You can either use the exact Cipher suite name or a a regular expression.

Parameters:

cipherSuites - The array of cipher suite names to exclude from SSLEngine.setEnabledCipherSuites(String[])

addExcludeCipherSuites

public void addExcludeCipherSuites(String... cipher)

You can either use the exact Cipher suite name or a a regular expression.

Parameters:

cipher - Cipher names to add to SSLEngine.setEnabledCipherSuites(String[])

getIncludeCipherSuites

@ManagedAttribute("The included cipher suites")
public String[] getIncludeCipherSuites()

Returns:

The array of Cipher suite names to include in SSLEngine.setEnabledCipherSuites(String[])

setIncludeCipherSuites

public void setIncludeCipherSuites(String... cipherSuites)

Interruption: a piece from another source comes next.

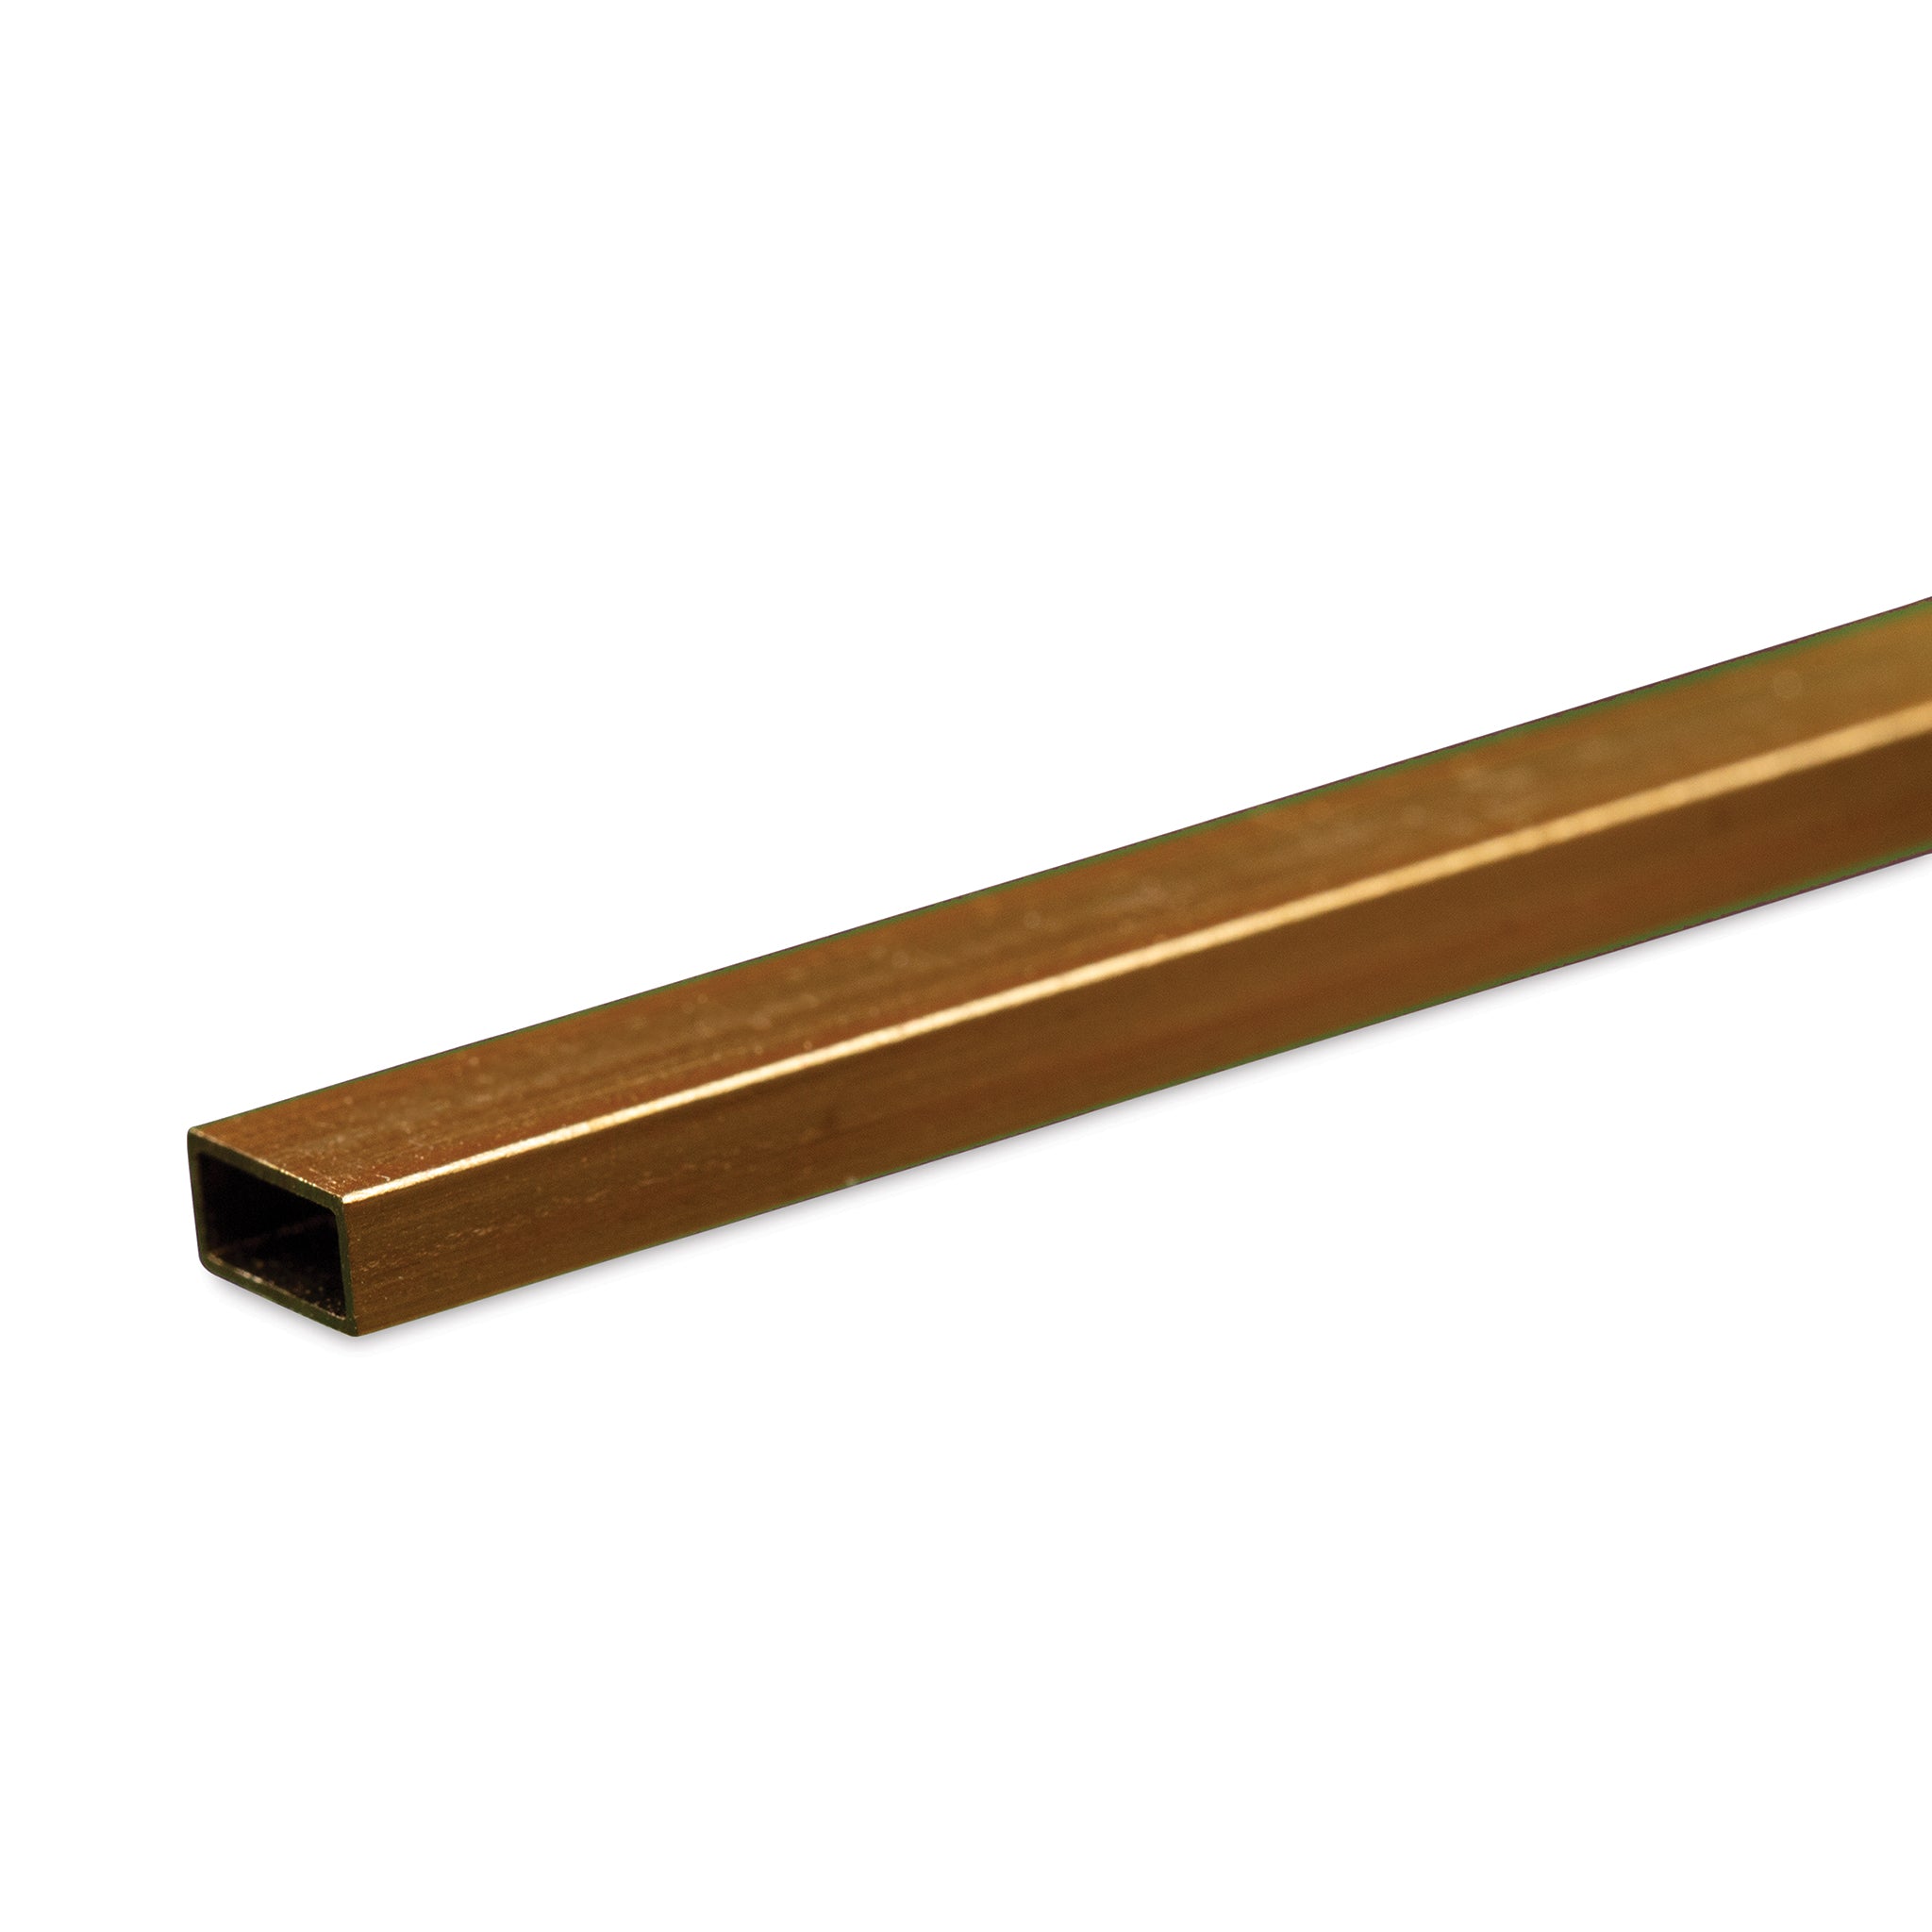 K&S Metals 8264 Rectangular Brass Tube 1/8" x 1/4" x 0.014" Wall x 12" Long (1 Piece)
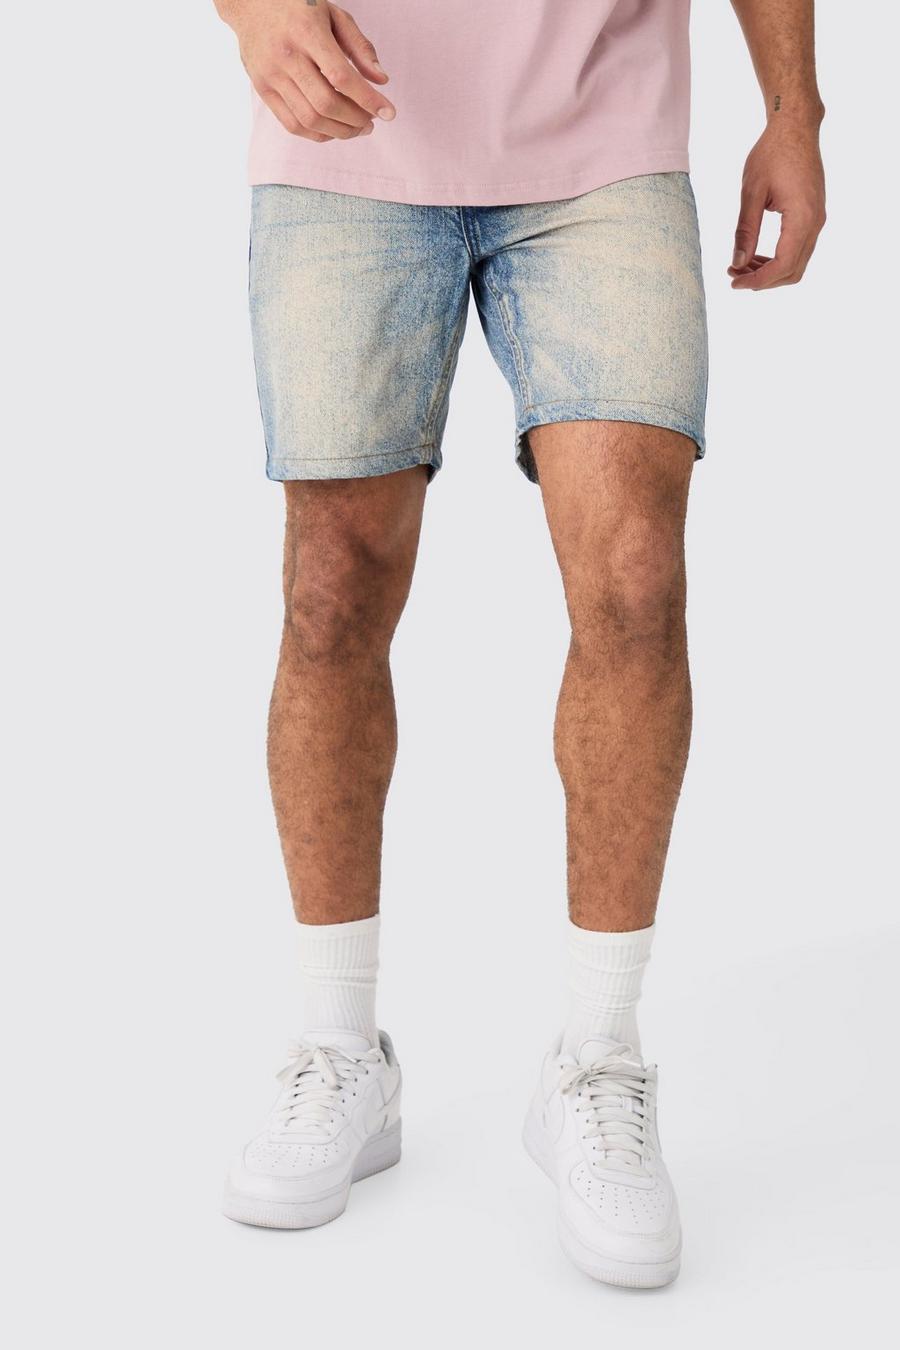 Pantalones cortos vaqueros ajustados sin tratar en azul vintage, Vintage blue

You can either use the exact Cipher suite name or a a regular expression.

Parameters:

cipherSuites - The array of cipher suite names to include in SSLEngine.setEnabledCipherSuites(String[])

isUseCipherSuitesOrder

@ManagedAttribute("Whether to respect the cipher suites order")
public boolean isUseCipherSuitesOrder()

setUseCipherSuitesOrder

public void setUseCipherSuitesOrder(boolean useCipherSuitesOrder)

getKeyStorePath

@ManagedAttribute("The keyStore path")
public String getKeyStorePath()

Returns:

The file or URL of the SSL Key store.

setKeyStorePath

public void setKeyStorePath(String keyStorePath)

Parameters:

keyStorePath - The file or URL of the SSL Key store.

getKeyStoreProvider

@ManagedAttribute("The keyStore provider name")
public String getKeyStoreProvider()

Returns:

The provider of the key store

setKeyStoreProvider

public void setKeyStoreProvider(String keyStoreProvider)

Parameters:

keyStoreProvider - The provider of the key store

getKeyStoreType

@ManagedAttribute("The keyStore type")
public String getKeyStoreType()

Returns:

The type of the key store (default "PKCS12")

setKeyStoreType

public void setKeyStoreType(String keyStoreType)

Parameters:

keyStoreType - The type of the key store

getCertAlias

@ManagedAttribute("The certificate alias")
public String getCertAlias()

Returns:

Alias of SSL certificate for the connector

setCertAlias

public void setCertAlias(String certAlias)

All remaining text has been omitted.